Using Reinforcement Learning to Perform Qubit Routing in Quantum Compilers

• URL: http://arxiv.org/abs/2007.15957v1
• Date: Fri, 31 Jul 2020 10:57:24 GMT
• Title: Using Reinforcement Learning to Perform Qubit Routing in Quantum Compilers
• Authors: Matteo G. Pozzi (1), Steven J. Herbert (1 and 2), Akash Sengupta (3), Robert D. Mullins (1) ((1) University of Cambridge Computer Laboratory, (2) Cambridge Quantum Computing, (3) Department of Engineering, University of Cambridge)

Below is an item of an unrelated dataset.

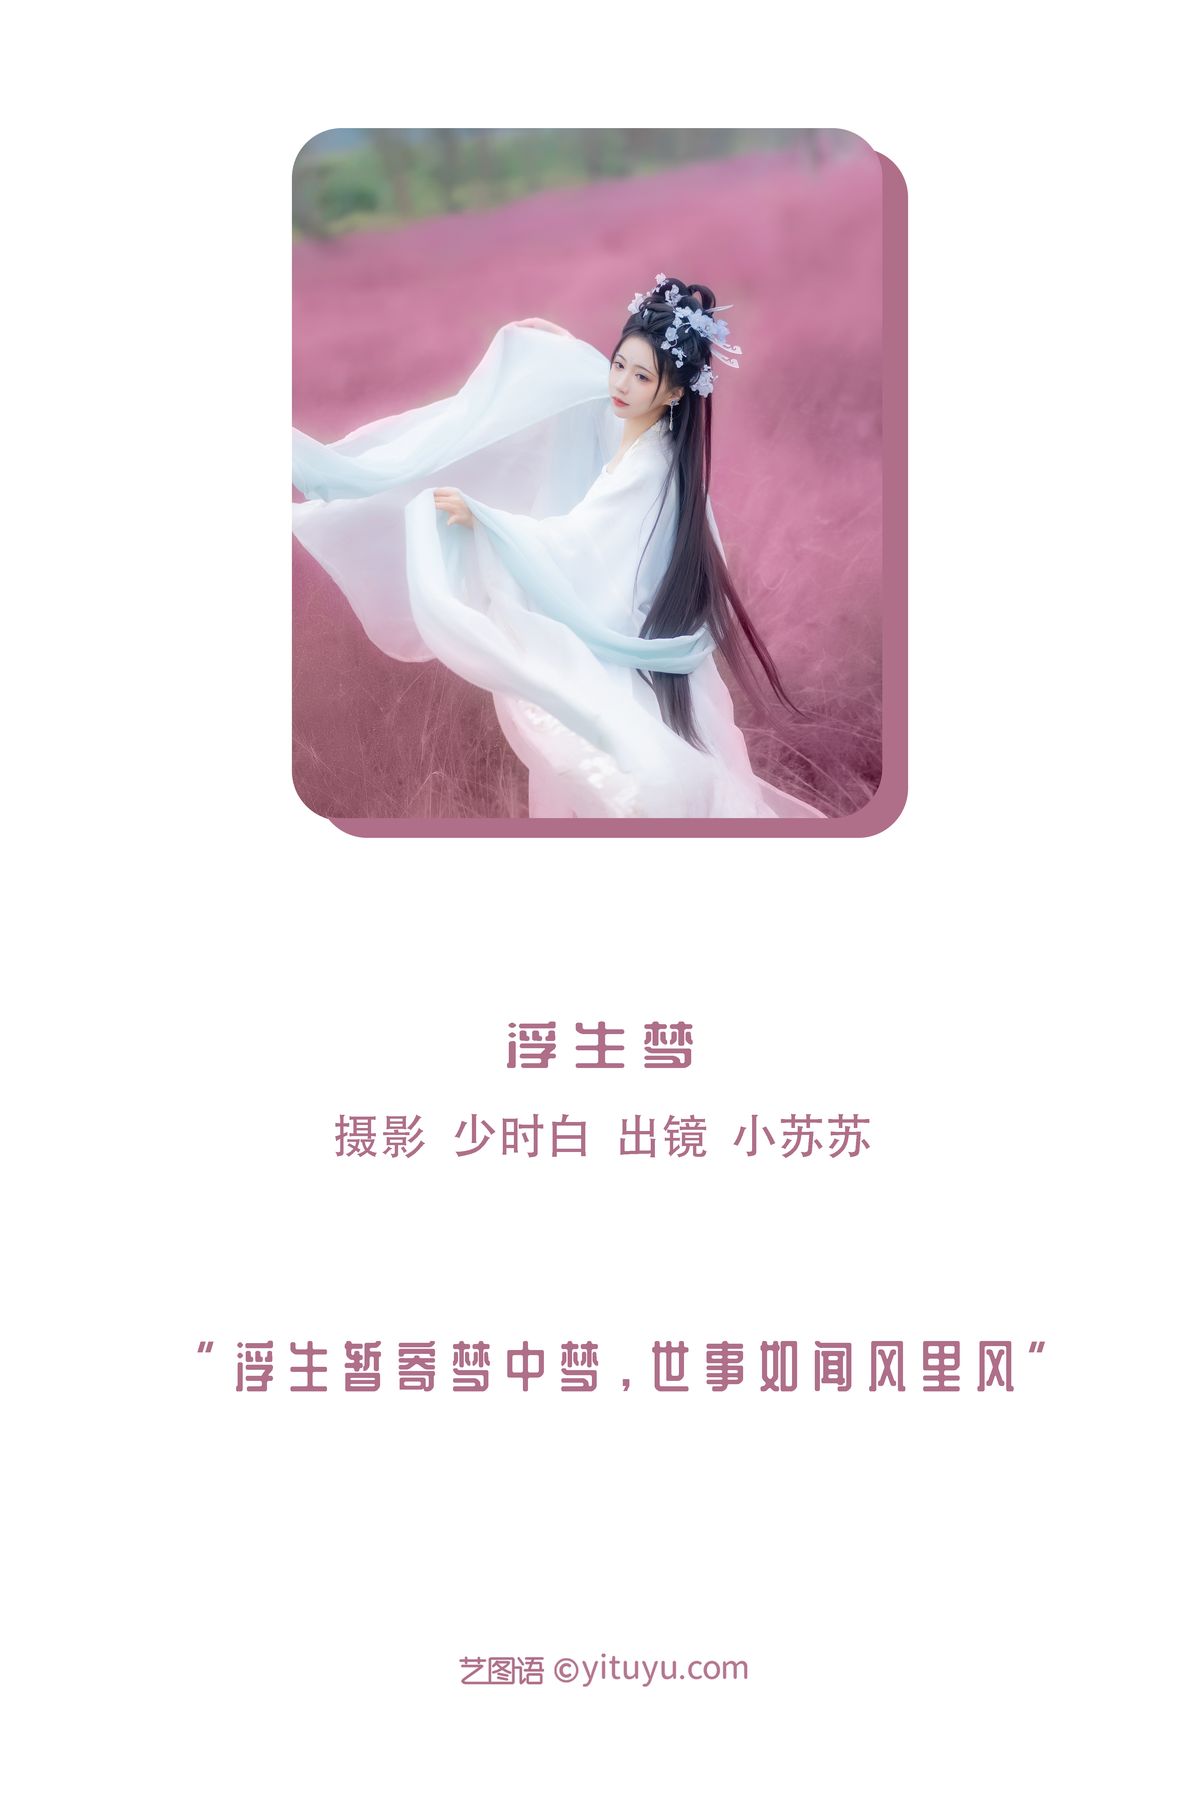 YiTuYu艺图语 Vol 3038 Qi Luo Sheng De Xiao Su Su 0001 5496367496.jpg

• Abstract summary: We propose a qubit routing procedure that uses a modified version of the deep Q-learning paradigm. The system is able to outperform the qubit routing procedures from two of the most advanced quantum compilers currently available.
• Score: 0.0
• License: http://arxiv.org/licenses/nonexclusive-distrib/1.0/
• Abstract: "Qubit routing" refers to the task of modifying quantum circuits so that they satisfy the connectivity constraints of a target quantum computer. This involves inserting SWAP gates into the circuit so that the logical gates only ever occur between adjacent physical qubits. The goal is to minimise the circuit depth added by the SWAP gates. In this paper, we propose a qubit routing procedure that uses a modified version of the deep Q-learning paradigm. The system is able to outperform the qubit routing procedures from two of the most advanced quantum compilers currently available, on both random and realistic circuits, across near-term architecture sizes.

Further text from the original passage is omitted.